A group at NASA's Jet Propulsion Laboratory in Pasadena, California, is said to be laying the groundwork for a mission that would send a probe to Alpha Centauri, the closest star system to our own solar system. The word "closest" is used loosely here as Alpha Centauri is roughly 4.37 light-years from the Sun.

A light-year is the distance that light travels in a vacuum in one year which equates to roughly 5.9 trillion miles.

NASA's Voyager 1 is the only man-made object to ever leave our solar system. It blasted off from Earth on September 5, 1977, as part of a project to study the outer solar system and is currently around 13 billion miles from the Sun. It still communicates with the Deep Space Network but is expected to go dark by 2025 when it runs out of power.
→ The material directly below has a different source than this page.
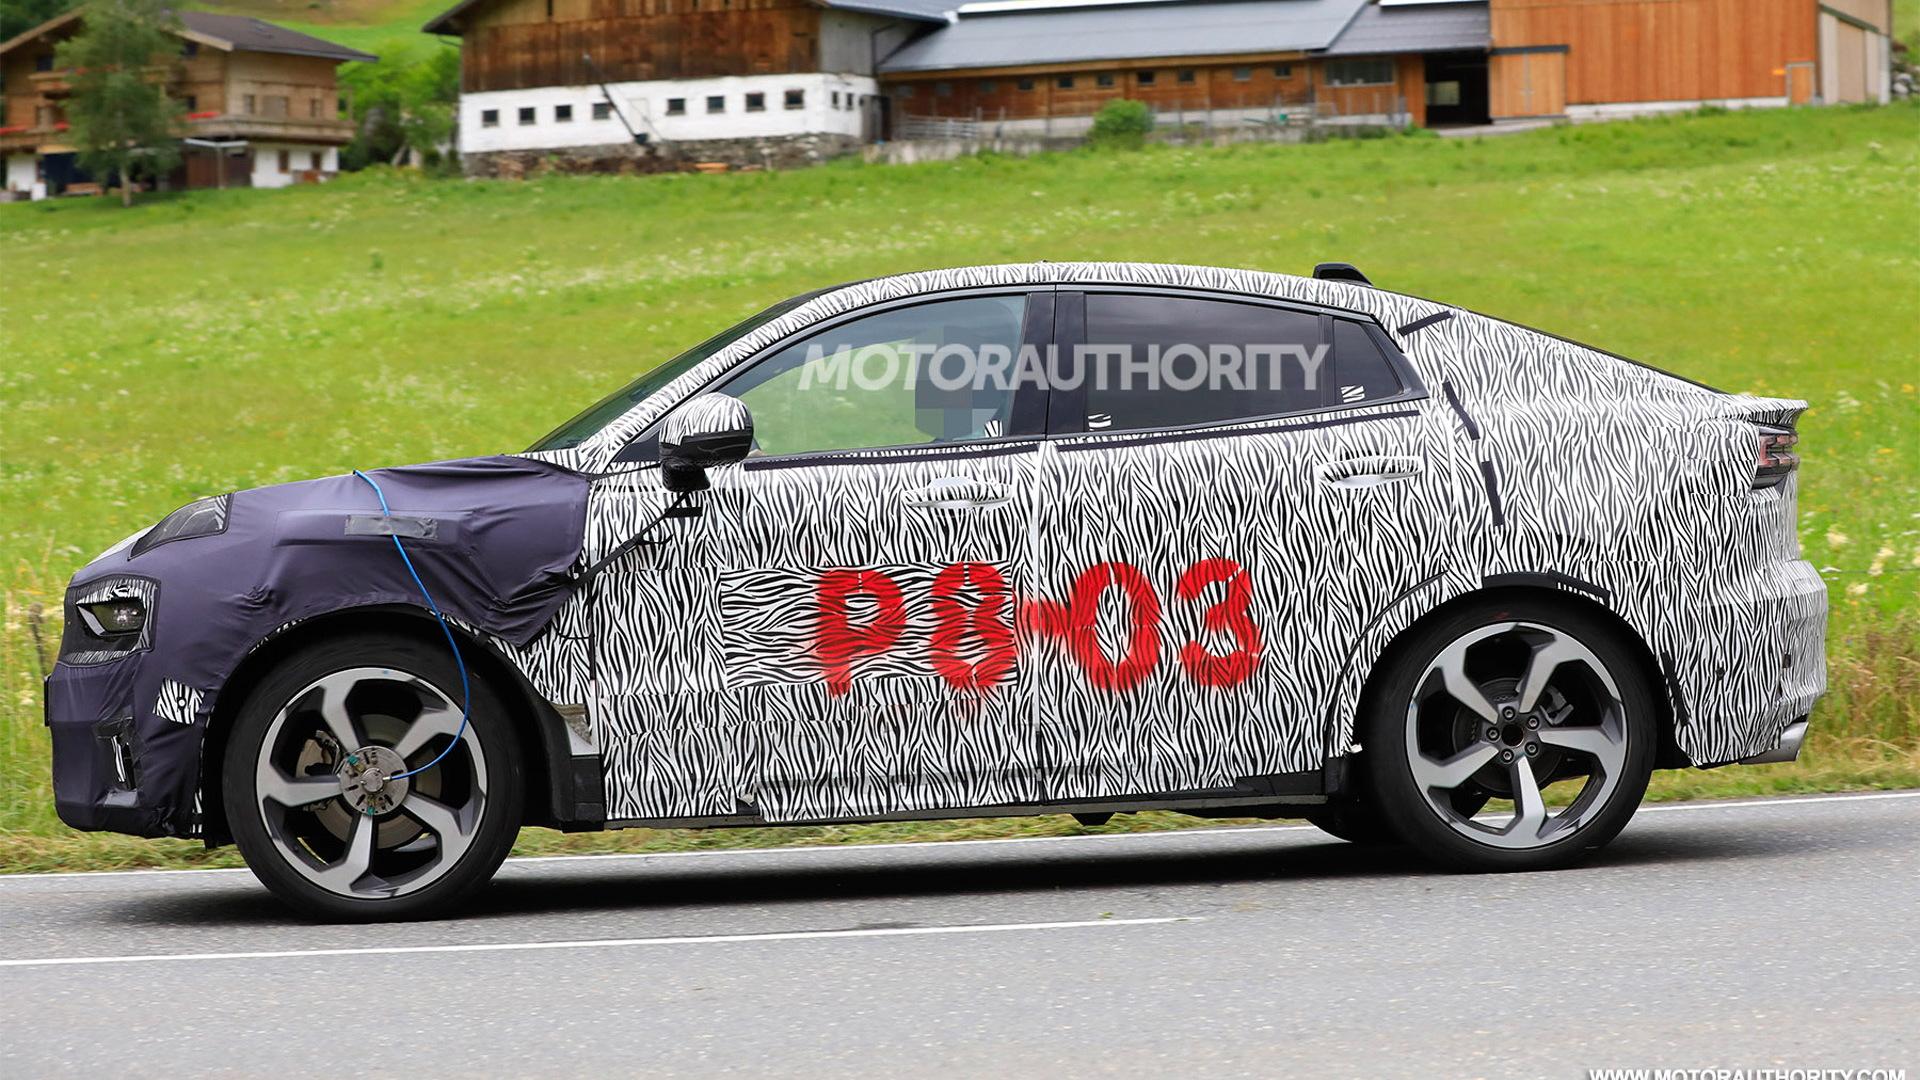 2020 Lynk & Co. 05 spy shots - Image via S. Baldauf/SB-Medien

We're still decades away from being able to send humans to Mars so you're probably wondering how NASA intends to send a craft to another star system so far away. The truth is, we don't really know yet as most of the technology needed to make it happen doesn't exist yet.

The project - so new that it doesn't have a name - was presented at the 2017 American Geophysical Union conference in New Orleans on December 12. The mission would launch on or around the 100th anniversary of Apollo 11, the first crewed Moon landing. That'd take place in 2069, giving NASA more than 50 years to figure it all out.

Even if propulsion technology advances to a stage where it could reach 10 percent of the speed of light, it would still take the probe around 44 years to reach its destination - a potentially habitable exoplanet called Proxima Centauri b, or Proxima b for short. Tack on another few years for data from the probe to make its way back to Earth and you're looking at the year 2118 or so. Needless to say, none of us alive today will be around to soak in the findings. Bummer.

Then again, technology has been advancing at an incredible rate as of late. Just look at what we have today versus what was possible when Apollo 11 launched in 1969. Who knows, we may even get some help with propulsion technology from outside sources.